Paraguayan dictator faces unprecedented political challenges

For the first time in almost 33 years of absolute rule, Paraguayan President Alfredo Stroessner faces unprecedented challenges to his leadership. There is no doubt that General Stroessner, who is also the commander of the armed forces, is still in firm control of this sub-tropical, land-locked nation of 3.6 million. But some members of his own Colorado Party are for the first time calling for the general to step aside, so that a younger, civilian candidate can run in the April 1988 national elections.

Recently, there has been bitter infighting and backbiting among party members, including harassment by the police and military, as the Colorados hold elections for local party offices in preparation for a September convention that will nominate the party's presidential candidate.

Characteristically, Stroessner, who is serving his seventh term under the Colorado banner, has not indicated whether he will run again. In the meantime, the party has split into four factions and become embroiled in a power struggle.

``It's a continuity crisis,'' says Edgar Ynsfr'an, the former interior minister who heads up the so-called Group of 34 faction. ``Do we continue with Stroessner as the candidate or do we need political renewal?'' Such open questioning of Stroessner's grip on power by a party member would have been unheard of a year ago.

Paraguayans who speak out against the system are generally called ``traitors'' or ``communists.'' They face police harassment, arbitrary arrest under a law forbiding ``the foment of hatred,'' forced exile, or such economic sanctions as loss of jobs or government harassment of their businesses.

Yet the government can't brand Mr. Ynsfr'an a subversive because the former interior minister was the architect of the system of terror used to quash all political opposition as Stroessner consolidated his monopoly of power.

The other prominent Colorado challenger is Carlos Romero Pereira, leader of the 'eticos faction, so named for its criticism of rampant institutionalized corruption.

``We need a civilian president,'' Mr. Romero Pereira said in an interview. ``The serious economic, social, political - and above all moral - crisis the country is going through demands such a change.''

The other two factions are loyal to Stroessner, but have different views of what should happen to the party after he is gone. The militantes want the status quo to continue. The rival tradicionalistas want the 100-year-old party to return to what it was before Stroessner remodeled it to fit his own image.

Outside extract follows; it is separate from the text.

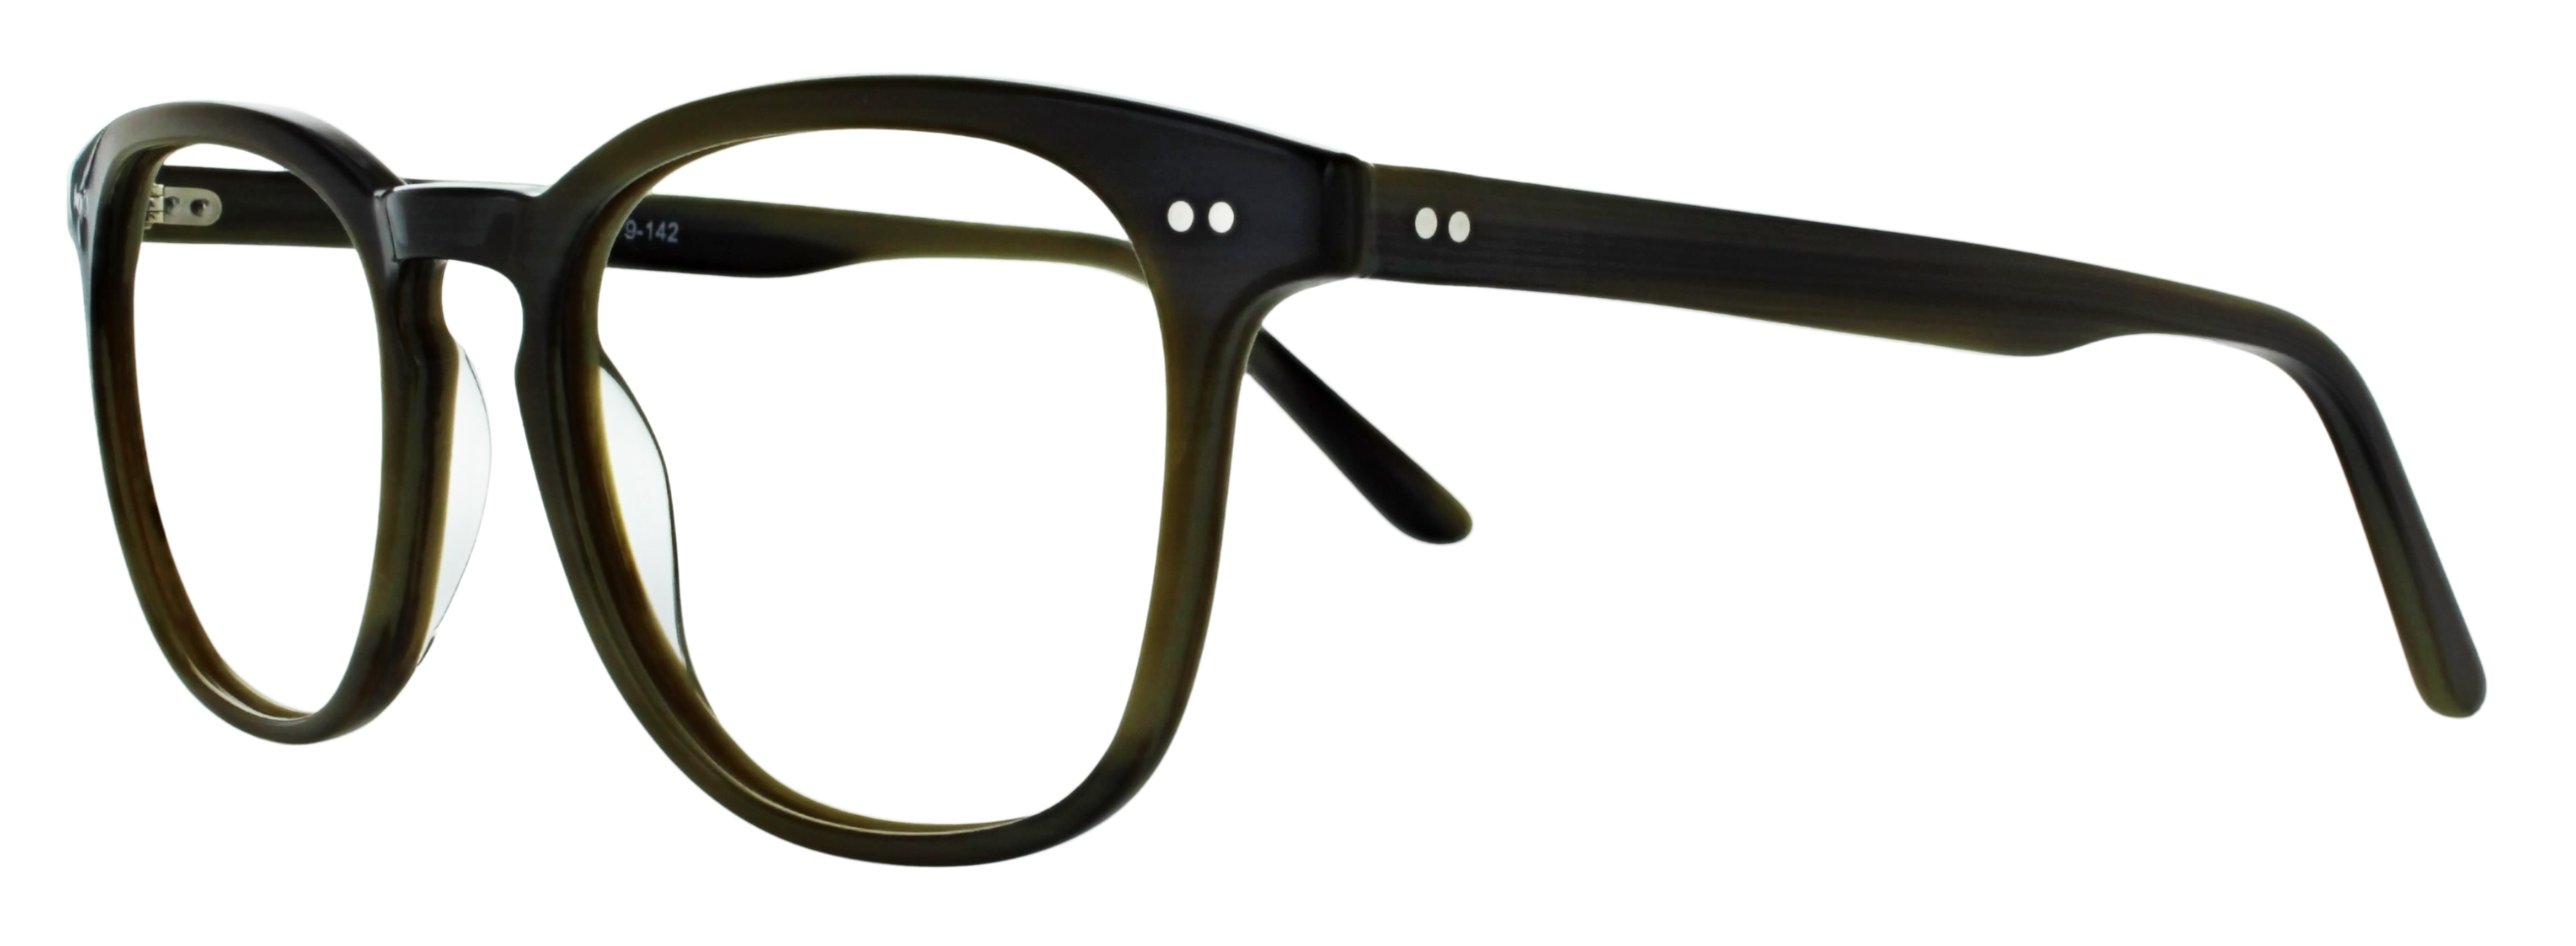 Das Bild zeigt die Korrektionsbrille 138261 von der Marke Abele Optik in olive - grau.

Stroessner has kept a tight rein on the 1 million-member party, using it to distribute government resources and exercise patronage. All public employees, ranging from teachers to judicial employees and armed forces members, and often their family members, must be Colorado members.

Opposition parties have long been muted by fear and a system that Paraguayans refer to as mybarete. The word means ``the strongest rule'' in the Guarani Indian language, which is still spoken by almost everyone in the country. The continuous state of siege in effect since 1959, only lifted during elections, has hamstrung the parties. Tight controls restrict access to the media and limit the parties' ability to openly recruit partisans or hold public meetings. A law prohibits opposition parties from forming a coalition slate.

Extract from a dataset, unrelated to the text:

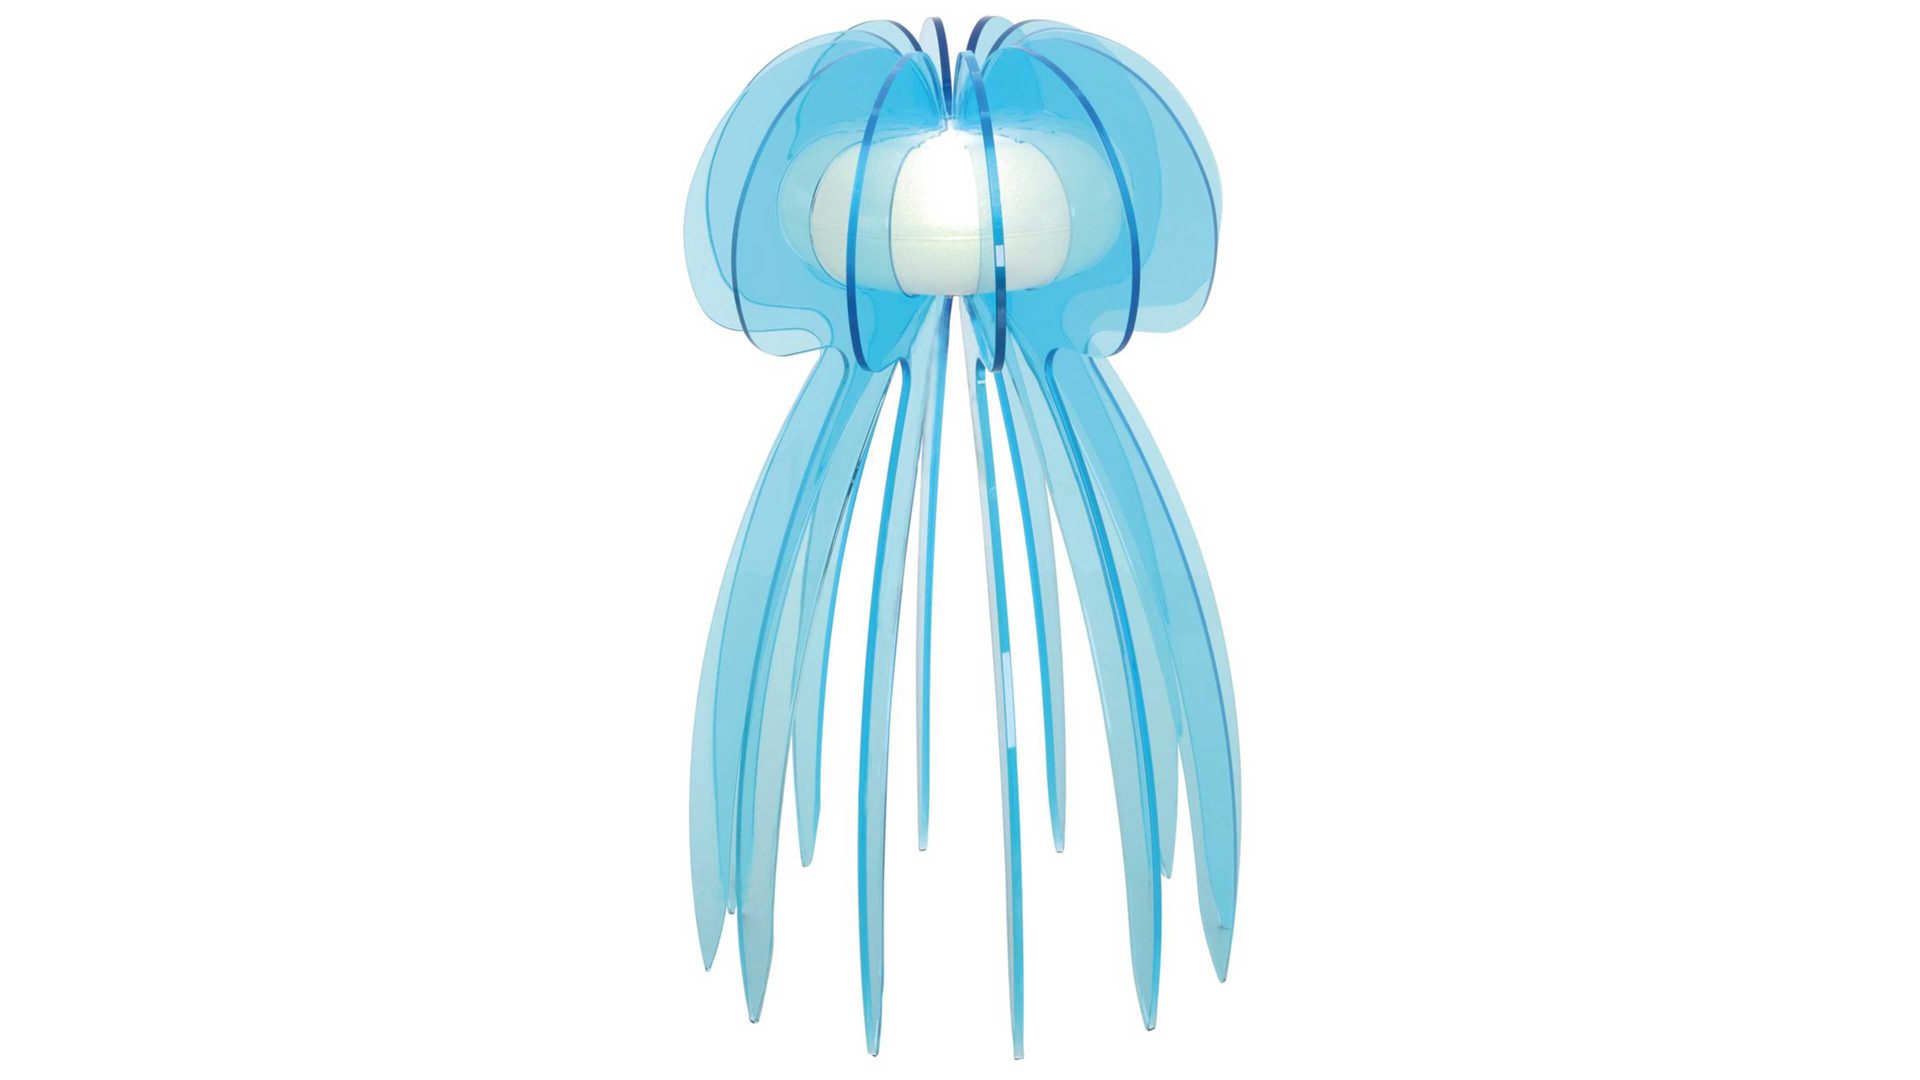 Tischleuchte Näve aus Kunststoff in Blau näve Tischleuchte Jellyfish türkises Acrylglas – Höhe ca. 30 cm

These parties consistently refuse to participate in elections because ``fraud is institutionalized,'' says Fernando Vera, leader of a small social-democratic party. ``Going to election means giving legitimacy to an illegitimate regime.''

An informal coalition of four center-right and center-left parties called the Acuerdo Nacional (National Accord) was formed in 1979 to work for a transitional government to replace Stroessner rule.

Clyde Taylor, US ambassador to Paraguay since November 1985, has become a political issue here because he has met with opposition politicians and dissident Colorado members and has openly criticized the regime for censuring the media. Recently, a barbecue organized in his honor by Women for Democracy, a group from all political parties, was prevented from taking place when police riot squads used tear gas to break up the arriving crowd.

Most Paraguayans appear pessimistic about the possibilities for change in the near future. Despite escalating pressures from within the Colorado Party and increasing discontent among the traditionally supportive business community because of the country's deteriorating economy, Stroessner stands firm by relying on the military for support. To ensure loyalty, he has allowed his generals to control the country's lucrative contraband trade in such goods as cars, whiskey, and electronic appliances.

The role of the military in national politics was underlined in November when Gen. Gustavo Prieto Bustos, head of the national war college, declared that Stroessner would continue as President ``until the end of his days.''

Stroessner's staying power is also rooted in the country's tragic past. He is credited with ending a long history of war and political chaos - including chronic civil strife and a succession of coups in the nine years before he took over - and helping usher the country into the modern age. And, after so many years of one-man rule, Paraguayans are simply not used to having an alternative.

``The vote here means nothing,'' says Eugene Connolly, an American priest who has worked for the Catholic Diocese of Brooklyn in the Paraguayan town of Coronel Oviedo for the past 17 years.